Inputs from Trajectory Analysis

Trajectory Analysis Dataset (data_in): This dataset containing trajectory analysis output is generated by one of the ‘B1. Trajectory Analysis’ Floes: ‘Residue-Cosolvent Distances’ or ‘Per-Residue SASA’.

  • Required

  • Type: data_source

Variance and Mean Dataset (variance_data_in): This dataset containing variance of ‘Residue-Cosolvent Distances’ or ‘Per-Residue SASA’ is generated by one of the ‘B1. Trajectory Analysis’ Floes: ‘Residue-Cosolvent Distances’ or ‘Per-Residue SASA’. This dataset should be visualized on the Analyze page to determine variance cutoff value for filtering out feature matrix.

  • Required

  • Type: data_source

Outputs

Cluster Medoids Dataset (cluster_medoids_data_out): This dataset stores atomic coordinates and features of the cluster medoids. One record is created for each cluster medoid.

  • Required

  • Type: dataset_out

  • Default: Cluster Medoids

Cluster Members Dataset (cluster_members_data_out): This dataset stores cluster-labels assigned to each trajectory frame. One record is created for each MD frame.

  • Required

  • Type: dataset_out

  • Default: Cluster Members

Cluster Report Title (analysis_report_title): Title of the analysis report for clustering.

  • Type: string

  • Default: Cluster Analysis Report

Output Trajectory Options

Trajectory Create Control (switch): Controls whether an .xtc trajectory file is generated containing all of the representative conformations for the medoid cluster centers.

  • Required

  • Type: boolean

  • Default: True

  • Choices: [True, False]

Cluster Medoids Trajectory (traj_out): Trajectory file to save coordinates of cluster medoids.

  • Required

  • Type: file_out

  • Default: Cluster_medoids_traj.xtc

(Optional) Advanced Clustering Options

Number of Clusters (n_clusters): Number of clusters to be generated by K-Means clustering method. By default the number of clusters are determined from the total number of conformations in the input dataset. The users are not required to determine the number of clusters unless the default values are incompatible with the cryptic pocket detection analysis. We recommend checking the Clustering Report generated by this Floe to determine the compatibility.

  • Type: integer

Clustering Method (cluster_method): Scikit-learn method for performing clustering analysis.

  • Type: string

  • Choices: [‘Agglomerative’, ‘DBSCAN’, ‘K-Means’, ‘Spectral’, ‘Weighted DBSCAN’, ‘Weighted K-Means’]

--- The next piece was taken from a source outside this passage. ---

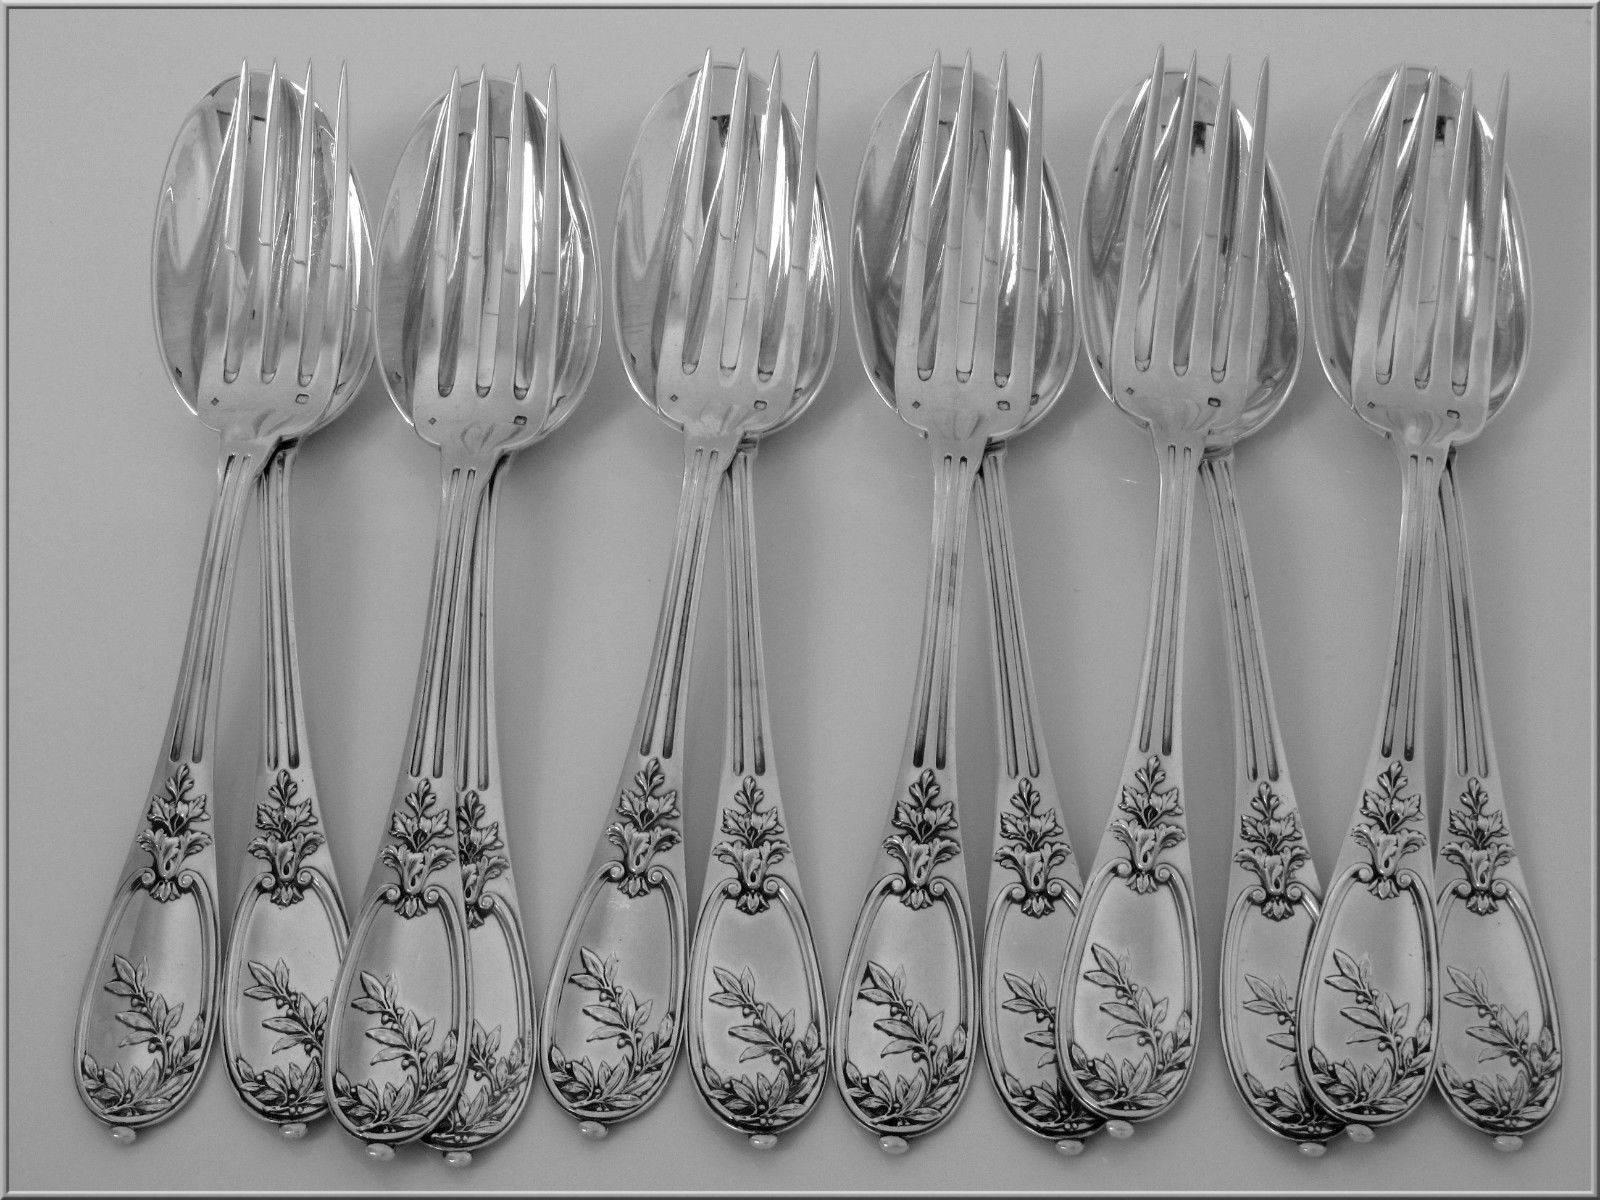 Late 19th Century Henin French Sterling Silver Dinner Flatware Set of 12 Pieces, Neoclassical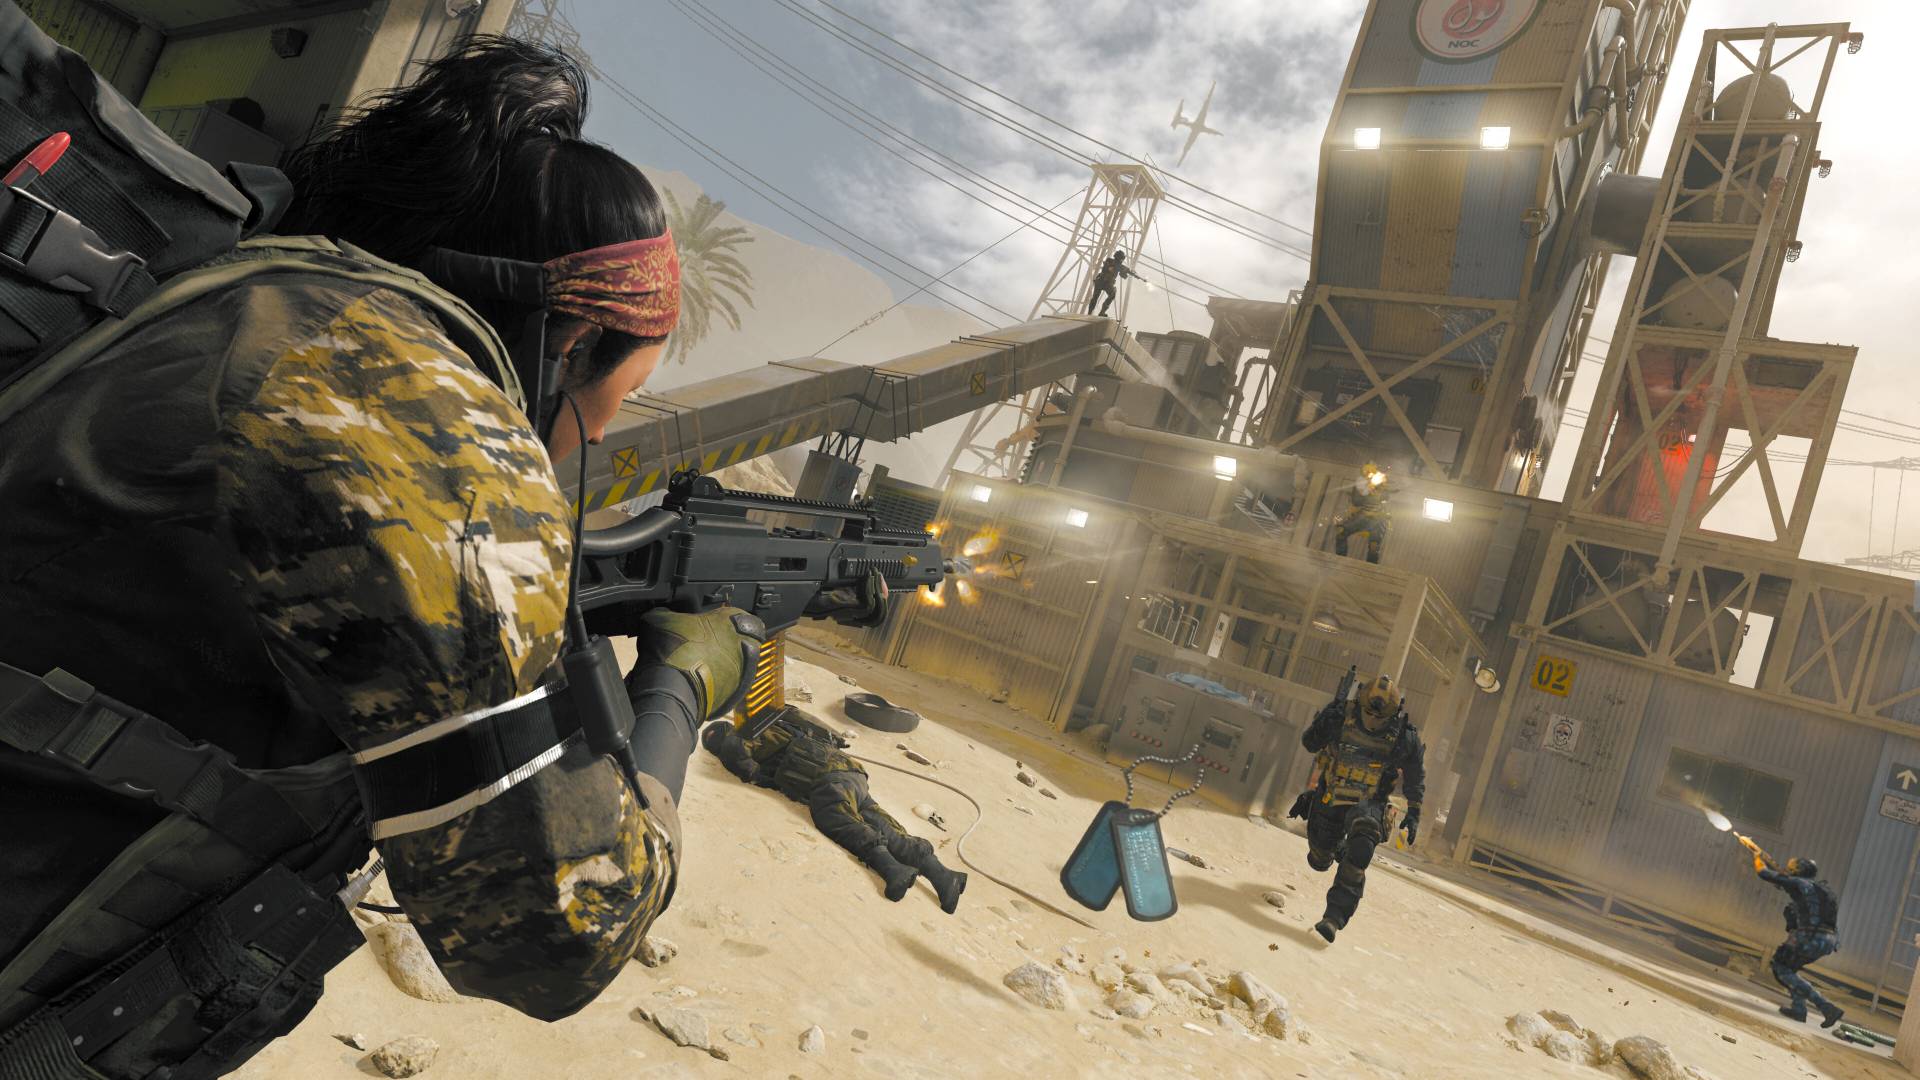 Soldiers fighting over dog tags in Kill Confirmed in Modern Warfare 3

Clustering Parameters (JSON) (cluster_params_json_file): The JSON file should contain clustering parameters to be used for clustering conformations. These parameters are specific to the Clustering Method selected by the user. An example JSON file for each Clustering Method is provided in the tutorial.

  • Type: file_in

Variance Cutoff (variance_cutoff): Variance cutoff value used as threshold to filter out low-variance elements of feature vectors before clustering. A default value of 0.0 indicates that the feature matrix will not be filtered to remove feature elements based on their variance. User can view feature_variance_out dataset generated by MD Feature analysis Floe on analyze page to make decision on this cutoff value.

  • Type: decimal

Scaling Method (feature_scaler): Scikit-learn scaling method for preprocessing data before clustering analysis. By default, no preprocessing is done.

  • Type: string

  • Choices: [‘MinMaxScaler’, ‘StandardScaler’]